De manera especialmente lúcida, el joven Millas muestra cómo en la hipóstasis del
Estado, en la amplia variedad de formas que ésta adopta y verifica, se encuentra una
de las raíces que han nutrido el espíritu guerrero y llevado incluso a algunos filósofos
a justificarlo y alabarlo. A lo largo de todo este escrito de juventud, Millas refleja su
interés porque no se pierda nunca de vista, al momento de la ponderación axiológica,
que el hecho bélico compromete el destino de seres humanos concretos exponiéndolos
al sufrimiento y la muerte.
Una segunda referencia previa la constituye el Prólogo al libro Idea de la
Filosofía, publicado en dos volúmenes el año1970, en que la filosofía es presentada
como alternativa crítica a la posibilidad de la violencia y sometimiento intelectual
que los discursos ideológicos suelen implicar.

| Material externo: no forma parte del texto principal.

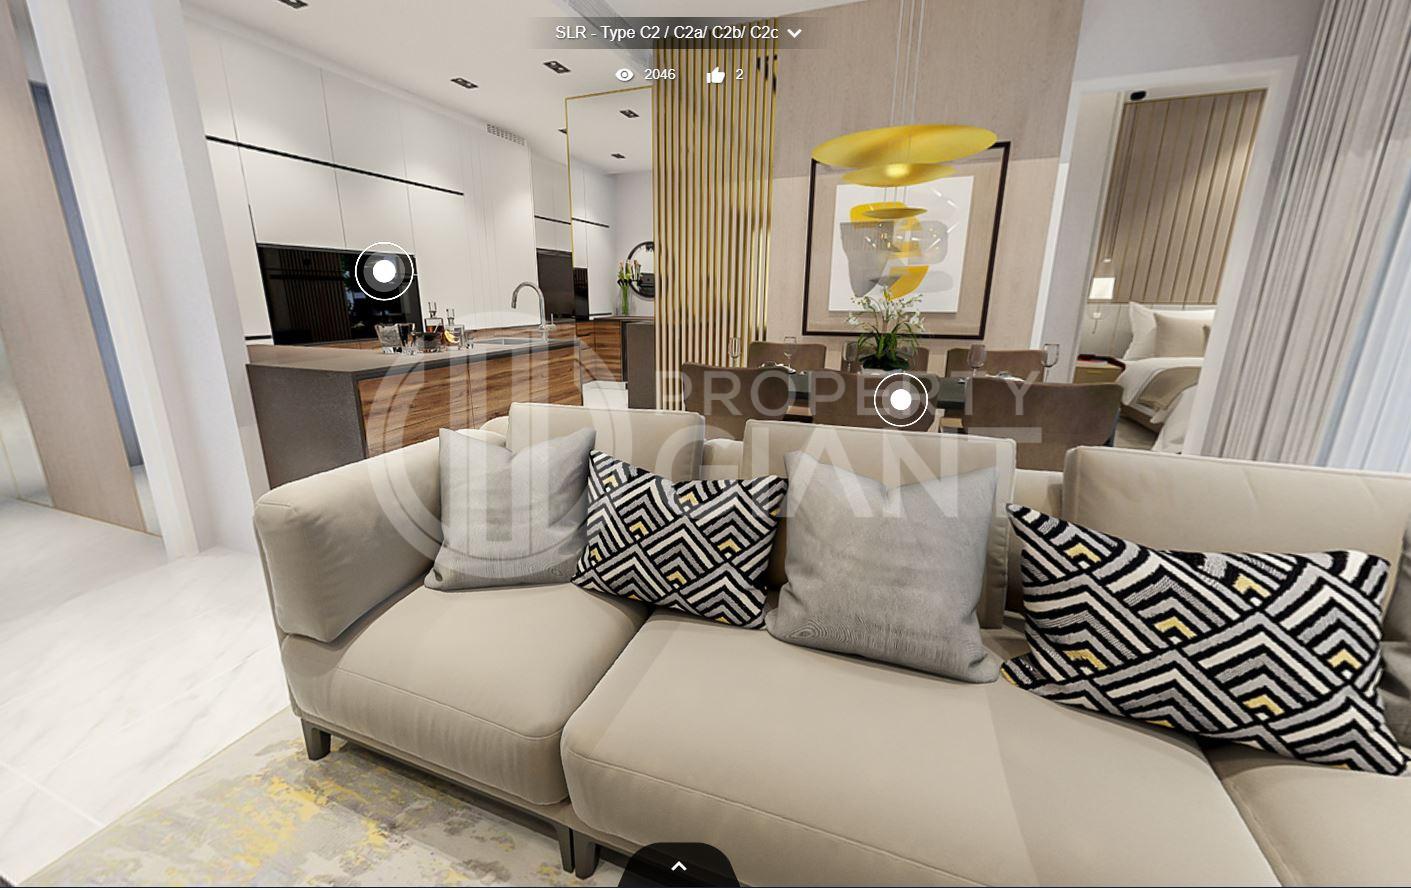 3D Virtual Tour of Sloane Residences 3 Bedroom Unit, Type C2/C2a/C2b/C2c
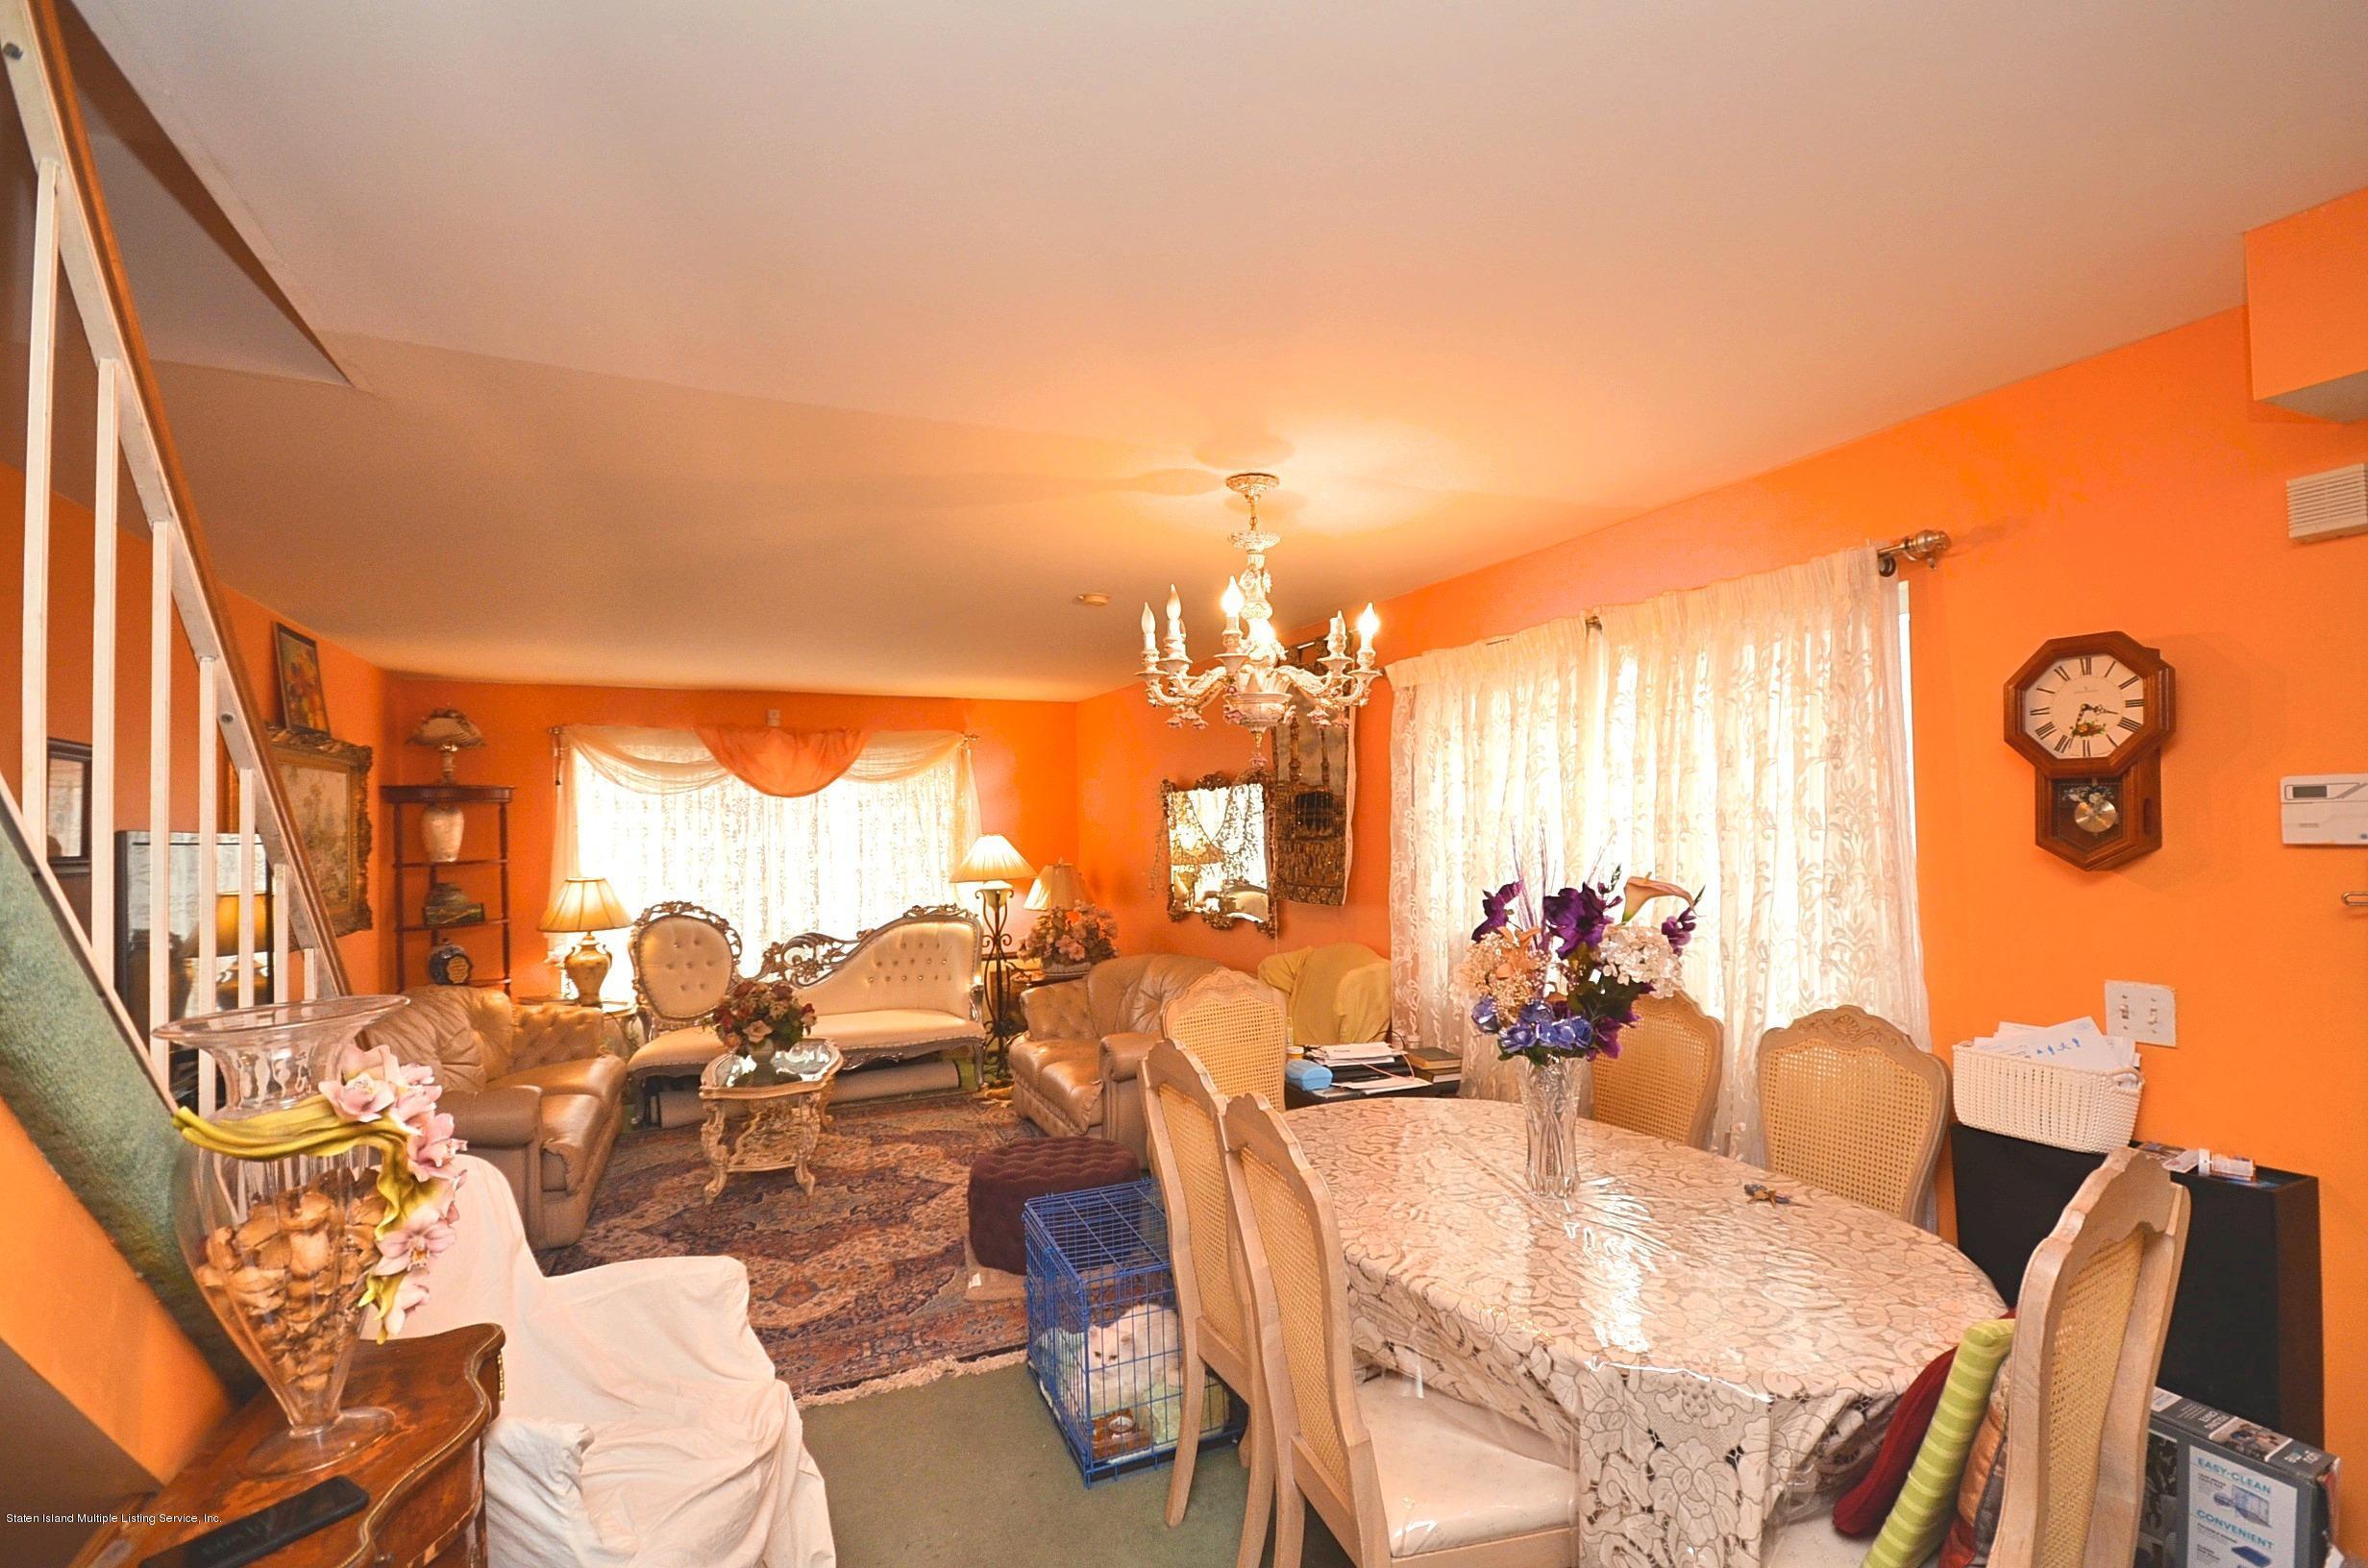 Single Family - Attached 200 Kenilworth Avenue  Staten Island, NY 10312, MLS-1124636-2

Defiende Millas la práctica filosófica
como la elevación de la conciencia que toma el hombre de sí mismo a la máxima
perplejidad y a la máxima esperanza. “La Filosofía –sostuvo– significa el llamado
a capítulo que se hace el hombre desde la totalidad del mundo y la totalidad de la
historia, respecto a la totalidad de su destino. Un llamado semejante, hecho a la luz
de la razón y la experiencia, no puede tener lugar sino con plena autenticidad. Ante
su exigencia han de caer los fetiches ideológicos y abrirse todas las trampas. Ningún
género de chantaje –así sea el del sufrimiento humano– puede prevalecer frente a él.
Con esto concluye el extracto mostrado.